Which raises the question, do we ever really like all aspects of any situation or do we simply learn to take the good with the bad after performing an assessment as to whether the things we do like warrant putting up with the things we don’t? I’m not even going to delve into the Pandora’s box surrounding making changes to the situation to better serve our needs because, frankly, I’ve learned after many years of figuratively beating myself senseless against endless brick walls that the only behavior I can change is my own and the only attitude I control is mine. Everything else constitutes either something I accept or something I walk away from. No amount of self-flagellation will change that.
In fact, I truly believe that the most valuable lesson I’ve learned in recent years is to accept.
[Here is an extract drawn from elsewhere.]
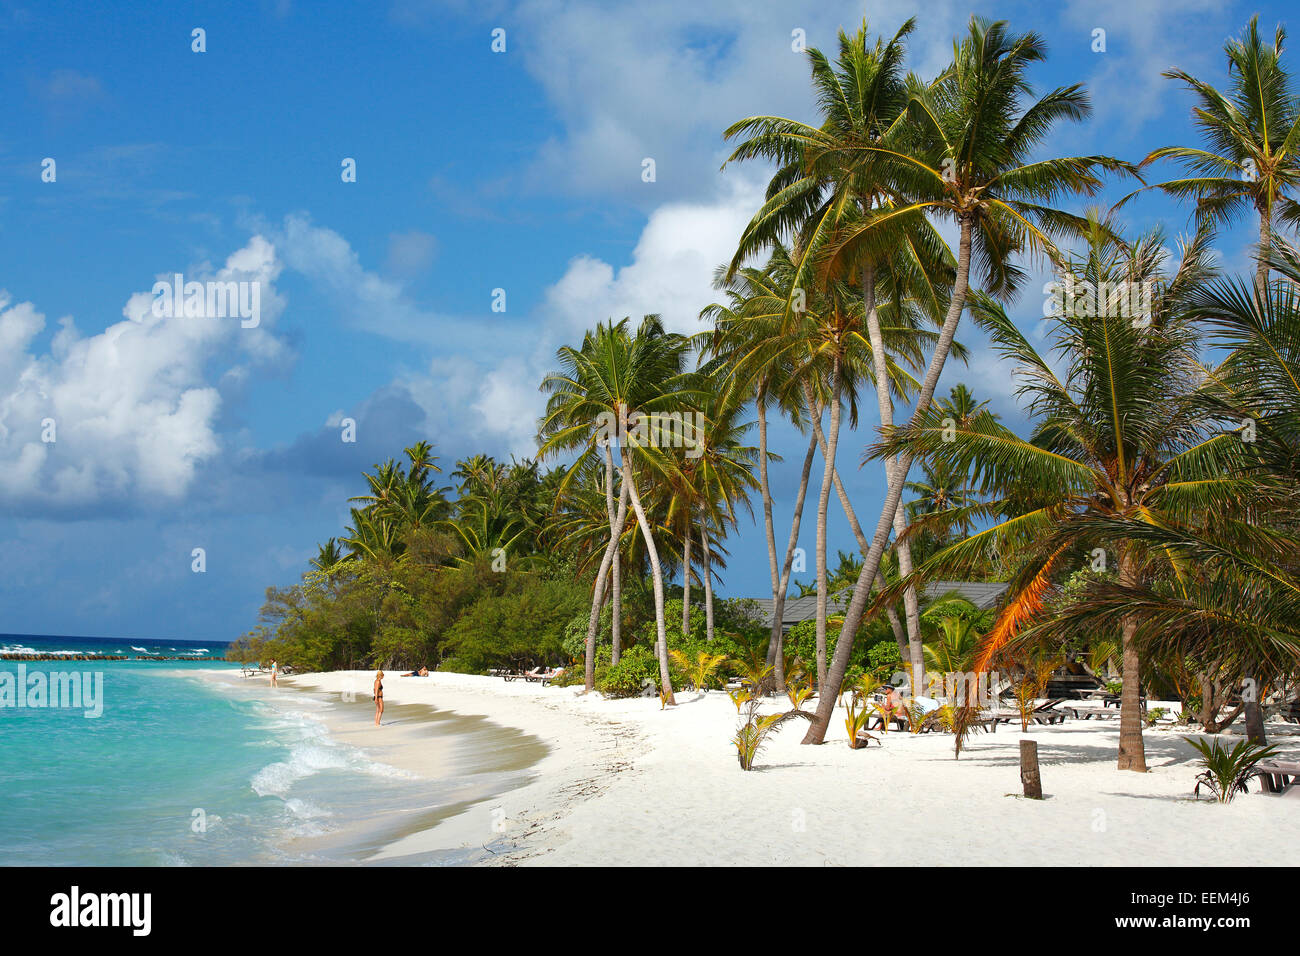 Plage avec des palmiers sur l'Océan Indien, sable blanc et cocotiers (Cocos nucifera), l'île de Kuredu, Kuredu Island Resort Banque D'Images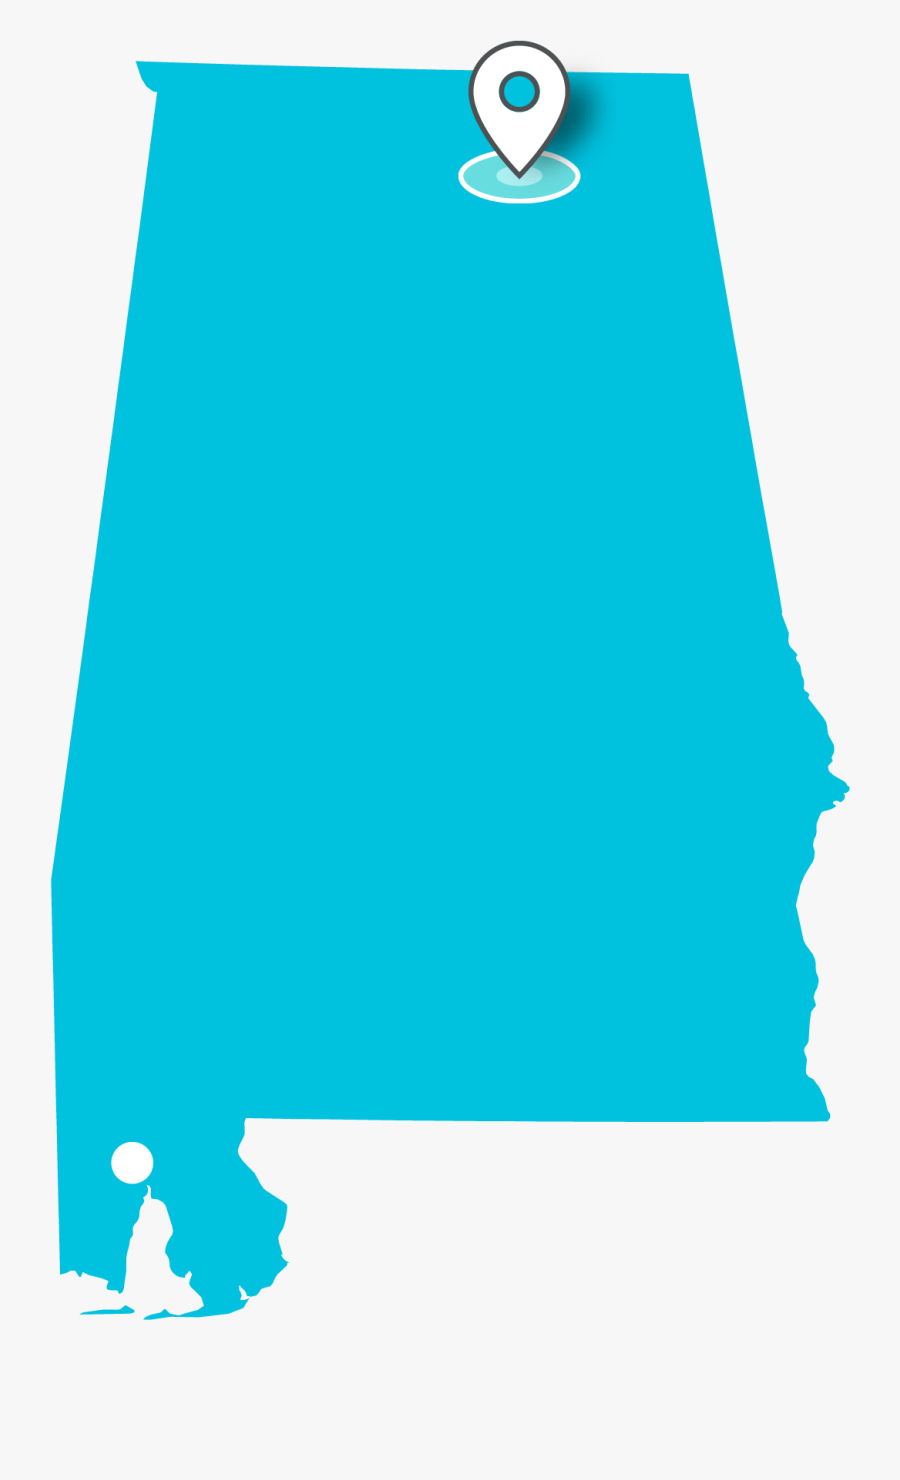 Alabama Clipart Cool - State Of Alabama Transparent, Transparent Clipart

But acceptance is a long way from falling in like. It involves finding and embracing the things which make me want to get up and start each new day in that world. It means finding the aspects of the situation that allow me to grow or establish better habits or learn new skills. It means weighing what I’m putting into the situation with what I believe I’m taking out or have the potential to take out to determine whether the effort and possible rewards are in balance.
And therein lies the rub. The analytical, accounting, all numbers must balance side of me already has the mental spreadsheets ready to be populated. Meanwhile, the idealistic, head in the clouds, trying-to-bring-a- whole-bunch-of-ideas-together-to-make-a-story side of me is saying “screw the spreadsheets! How does this make you feel?”
As I rest back on the heels of this dilemma, I’m made painfully aware that the real issue is the internal war being waged by my multiple personalities! Add in the ADHD and…where was I going with this anyway?
And so, once again, I find myself on the horns of a dilemma. Do I continue on my current path or take a detour, or do I just throw caution to the wind and do something totally different? Do I dream or do I analyze? Which one, or neither?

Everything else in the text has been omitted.